Wie ein Schlachtengemälde

Das erinnert an Schlachtengemälde wie Albrecht Altdorfers „Alexanderschlacht“ aus dem Jahr 1529, freilich ohne den endzeitlich dräuenden Wolkenhimmel. Und mehr noch an die ganz diesseitigen und großformatigen Bildmontagen des Düsseldorfer Fotografen Andreas Gursky; von Tanzenden auf der Dortmunder „Mayday“, Besuchern eines Tote-Hosen-Konzerts oder buntgewandeten Händlern an der Chicagoer Börse.

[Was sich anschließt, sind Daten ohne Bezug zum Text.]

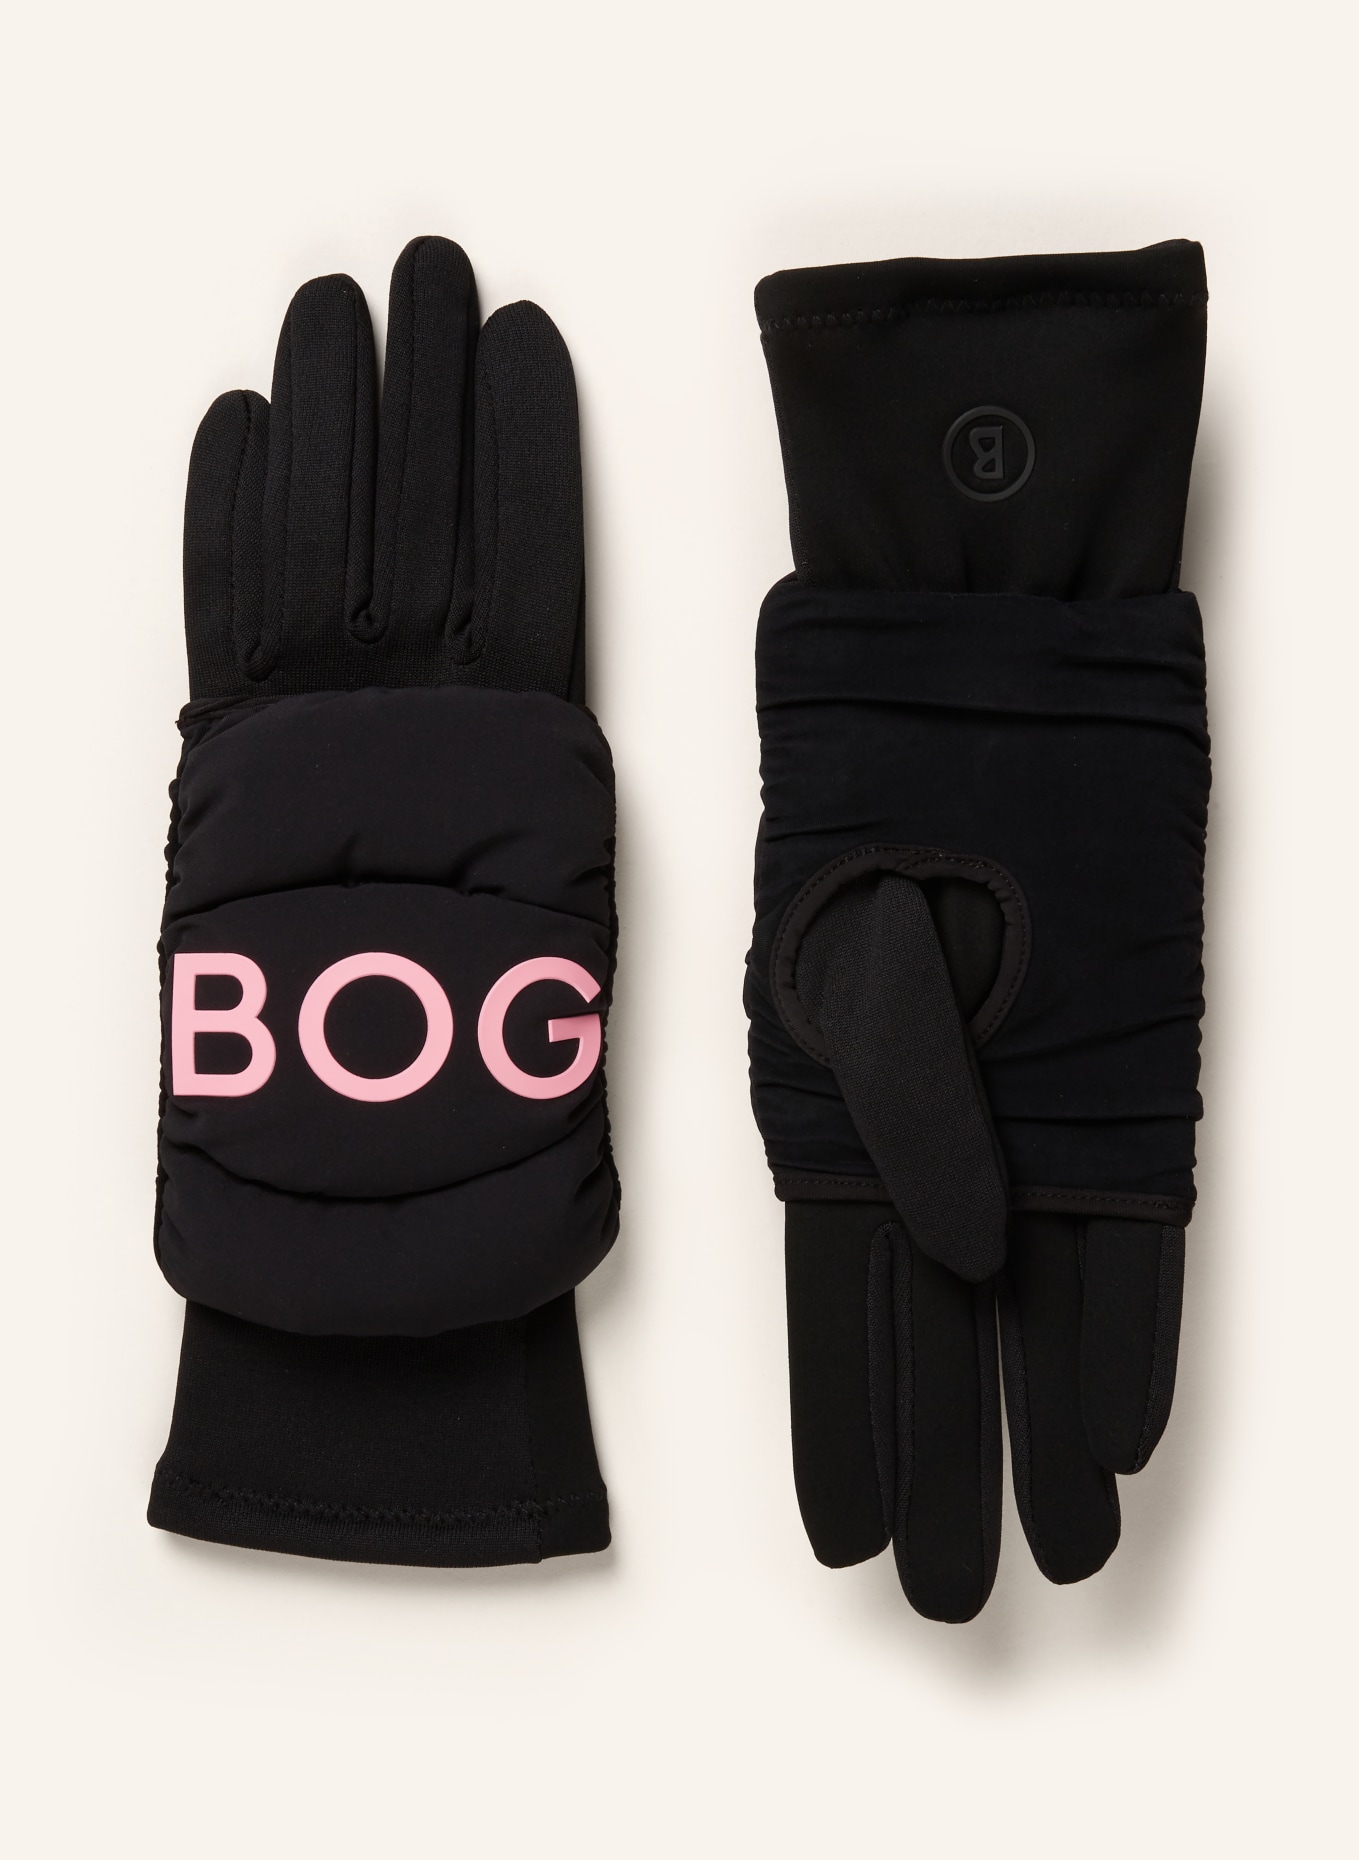 BOGNER 2-in-1-Handschuhe TOUCH mit Touchscreen-Funktion, Farbe: SCHWARZ/ ROSA (Bild 1)

Selbstredend denkt man auch an Siegfried Kracauers Essay vom „Ornament der Masse“: Das Ornament bringt die Masse gedankenlos zustande, in der Draufsicht erscheint es aber als rational zu beschreibende geometrische Form. So geben die Massen, schrieb Kracauer 1927, das Prinzip des kapitalistischen Produktionsprozesses, die Berechenbarkeit des Menschen, wieder: „Der Mensch als Massenteilchen allein kann reibungslos an Tabellen emporklettern und Maschinen bedienen.“

100 Jahre später setzt zwar kaum noch jemand seine Körperkraft an unwuchtigen Maschinen ein, dafür ist die Freizeit längst zum Teil der Arbeit geworden. Die Wasserparty von Wuhan zeigt den Sieg eines autokratischen, kühl und rational berechnenden Systems über die krankheitsanfälligen Körper seiner Bürger.